Эти слова были излишни. Карина в несколько движений сбросила тунику, под которой не было никакого белья, запрыгнула на кресло, на лету скидывая туфли. Устроилась поудобнее, потягиваясь всем телом и покачивая ножками в воздухе. Она далеко не первый раз показывала себя брату. Ей нравилось видеть его восхищение, и она сама от этого возбуждалась. Подобно герою какой-то читанной в детстве книги ей порой хотелось, чтобы вдруг выяснилось, что либо Роман, либо она сама — приёмный ребенок в семье. Тогда упали бы все преграды, и ничто бы не помешало пуститься им во все тяжкие… Роман как-то признался, что мечтает о том же. Но, поставив себе определенные границы, брат и сестра их не переходили, хотя и балансировали порой на самом краешке дозволенного.

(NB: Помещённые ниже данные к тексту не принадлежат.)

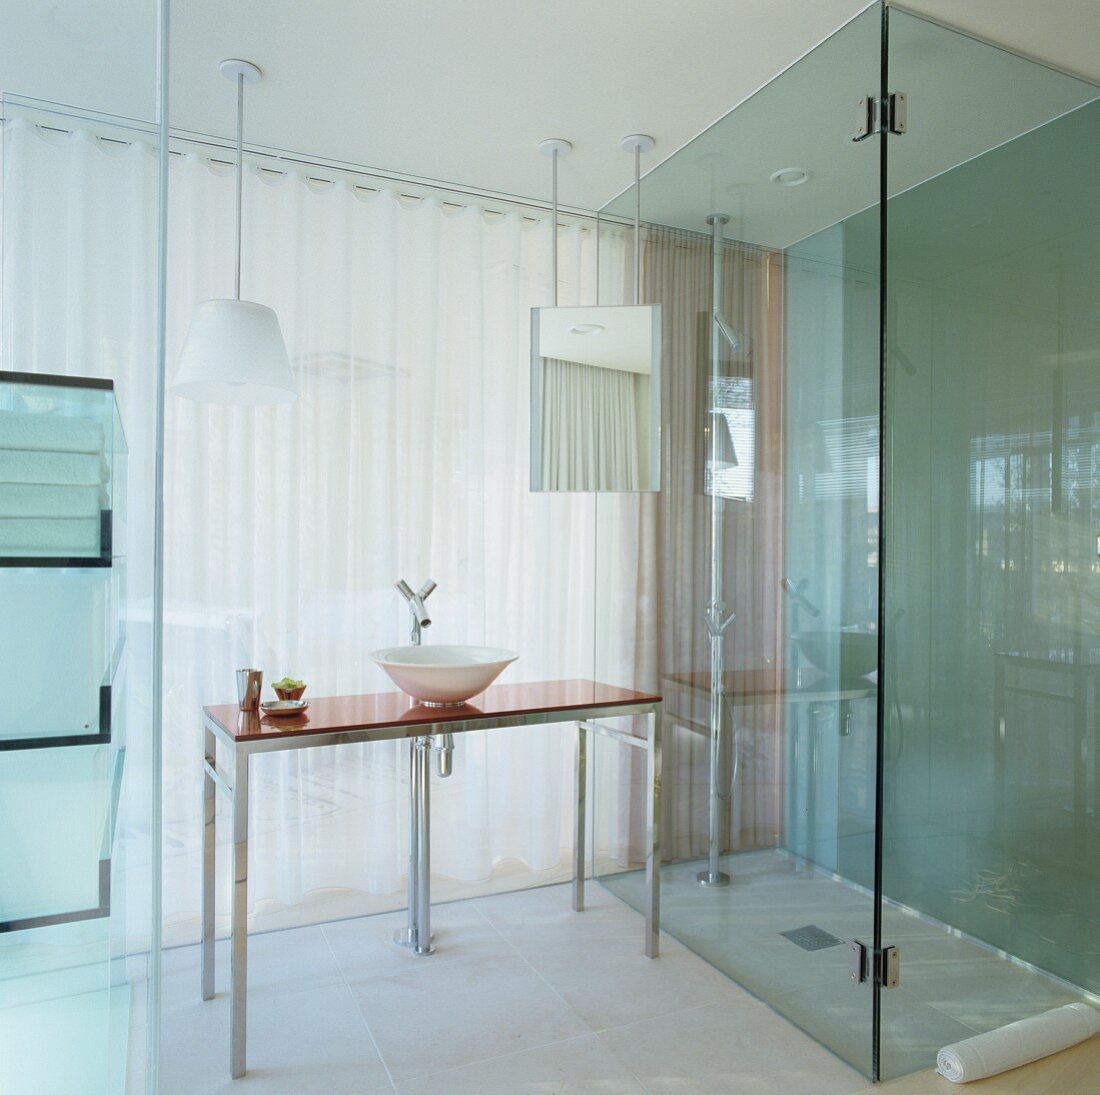 Glass ensuite hotel bathroom with floor-level shower and modern washstand with Philippe Starck tap fittings in front of translucent curtain leading to bedroom

— Слушай, выгони этот агрегат, — попросила Карина, показывая на андроида. — Я стесняюсь, когда он на меня так пырится.
Роман хохотнул и отправил андроида вон, напомнив ему на прощание задание быть поблизости — чтобы в эту секцию оранжереи не забрёл кто-нибудь из праздношатающихся или, напротив, любителей работы в вечерние часы. Сам подошел к полулежащей сестре, взял ее руки и направил их вдоль туловища, закрепляя ремнями в трёх местах. Зафиксировал торс, бёдра… Уложил ноги в лотки-держатели, притянул их ремнями.
— Тебе удобно? — спросил он.
Карина поёрзала.
— Во всяком случае, я в полной твоей власти. Давно так себя не чувствовала.
— Да, ты больше любишь, когда сама кого-то привязываешь.
— Дело не в том. Просто не так много людей в этом мире, кому я доверяю. Ты — один из них, — сказала Карина.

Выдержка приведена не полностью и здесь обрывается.